The relationship between the electron charge and the ampere/coulomb is exact by construction: one SI coulomb is defined to be (5 * 10^27)/801088317 electron charges.

If we used a scale factor and amperes, there would be a precise spec for it based on this. If a data provider chose to round it off to fewer digits, it would certainly be up to, e.g., DS9, to choose whether or not to display it verbatim or to translate it to $e^{-}/s$ for display, but a) that wouldn't affect what was in the actual data file and b) realistically I think it's infinitesimally likely that a data provider providing a slightly different value would be deliberately attempting to convey a concept different from "electrons per second".

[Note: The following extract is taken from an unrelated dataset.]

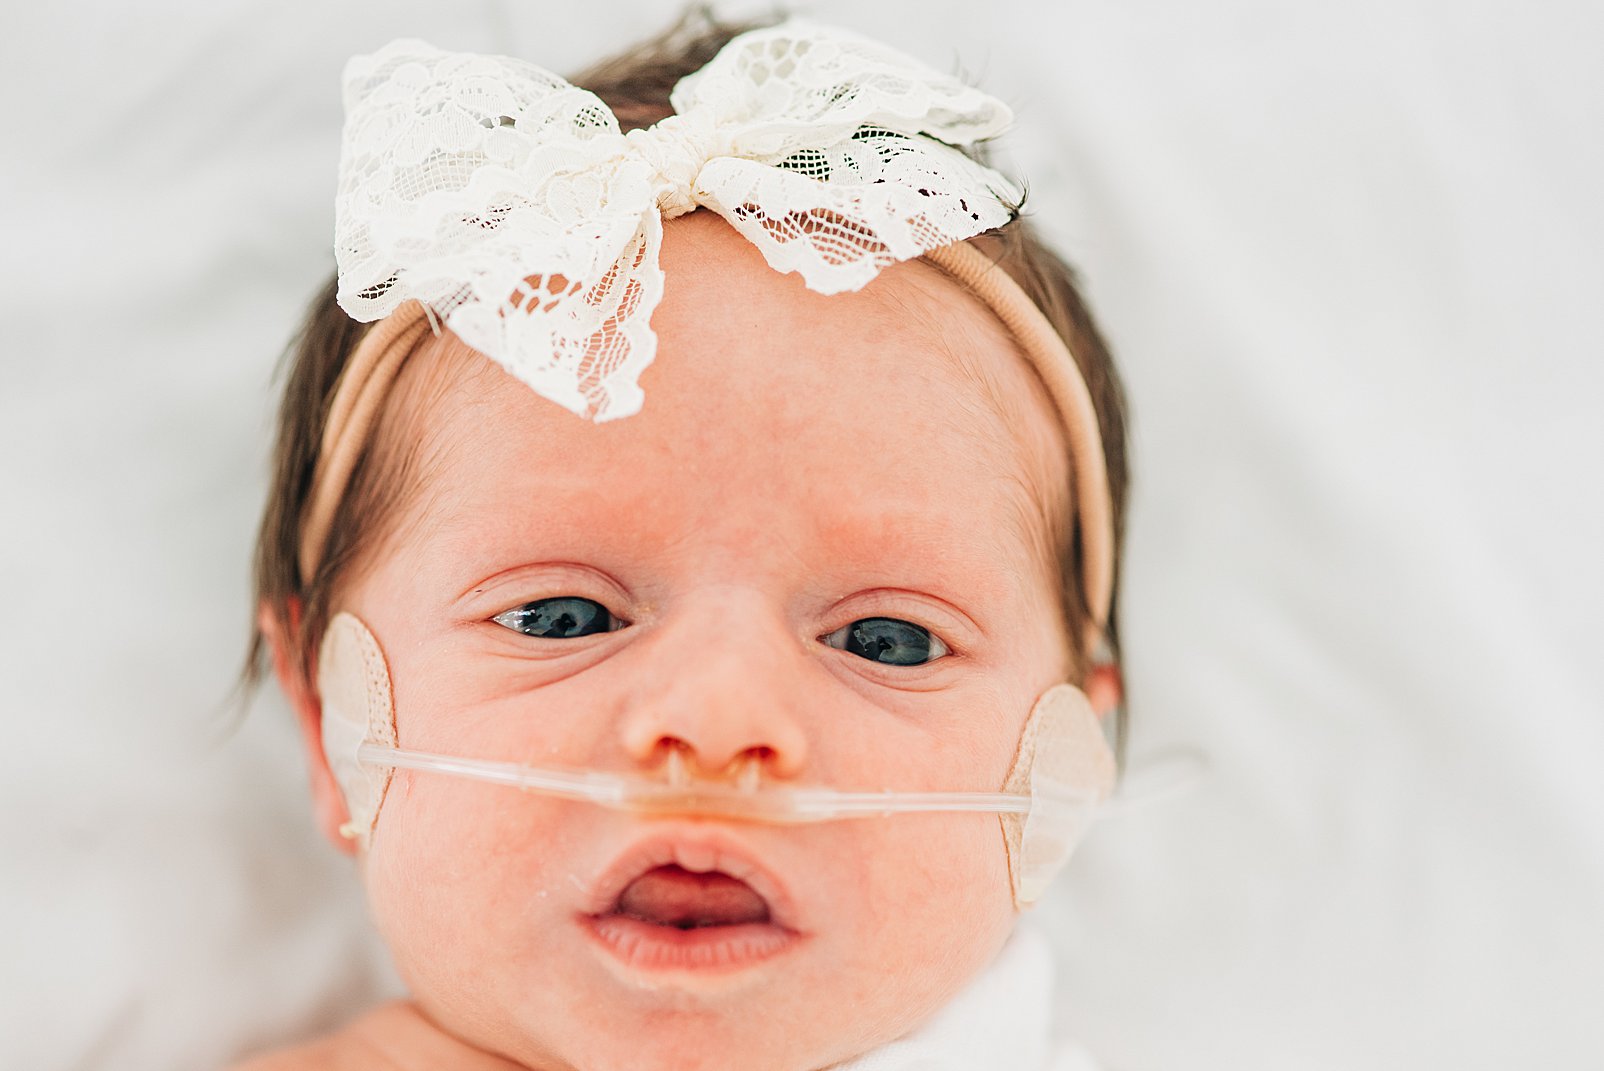 Newborn baby with oxygen

On the other side of the scale, while all of the projects involved are not thrilled about the "count/s" alternative, it does map to the underlying Poisson process and the implied uncertainties associated with it.

nxg commented 9 months ago

@gpdf Indeed: the jupiterMass vs scaling factor issue doesn't really apply in this case. And in the other similar examples that emerged, there was always one or more interpretation that made sense and that made the ambiguity not a problem.

I mentioned it as illustration of the way that those involved in the VOUnits process realised (in my recollection) how close they were to a variety of messy auxiliary questions, and thus what the motivation was for keeping the scope of the standard as narrow as possible. The standard's goals are more modest than they may at first appear.

Picking up on your earlier point, I don't think anyone should feel pressure to turn off a validator:

% ./unity -ivounits -v electron/s
0 0/electron/1 0/SecondTime/-1
check: all units recognised?           no
check: all units recommended?          no
check: all units satisfy constraints?  yes

The string electron/s is a valid VOUnits string, it's just that the unit electron isn't given a gold star, as being one of the recommended standard units. The spec doesn't say ‘unrecognised’ == ‘bad’, just ‘unrecognised’ == ‘unrecognised, but you knew that, right?’, and ‘it'd be nice to stick to recognised units if you can’.

mbtaylor commented 9 months ago

For humans reading Unity validation output you might be right, but at least one way that the validation is done is to feed all the units in a large set (Vizier has almost a million) to a validator and look at the ones that don't pass. In practice many might be syntactically valid unrecognised units that are unintentionally wrong, e.g. "sec" for seconds, and having the same validator behaviour for those as for syntactically valid unrecognised units that are intentionally used e.g. "electron/s" means that you'd either have to eyeball all the (many) "unrecognised" instances to identify the actual problems or just assume they're all as intended, which is not likely to be true.

Requiring rather than allowing quotation of unrecognised units would make distinguishing those cases much easier, but it would be a significant change to the VOUnits standard.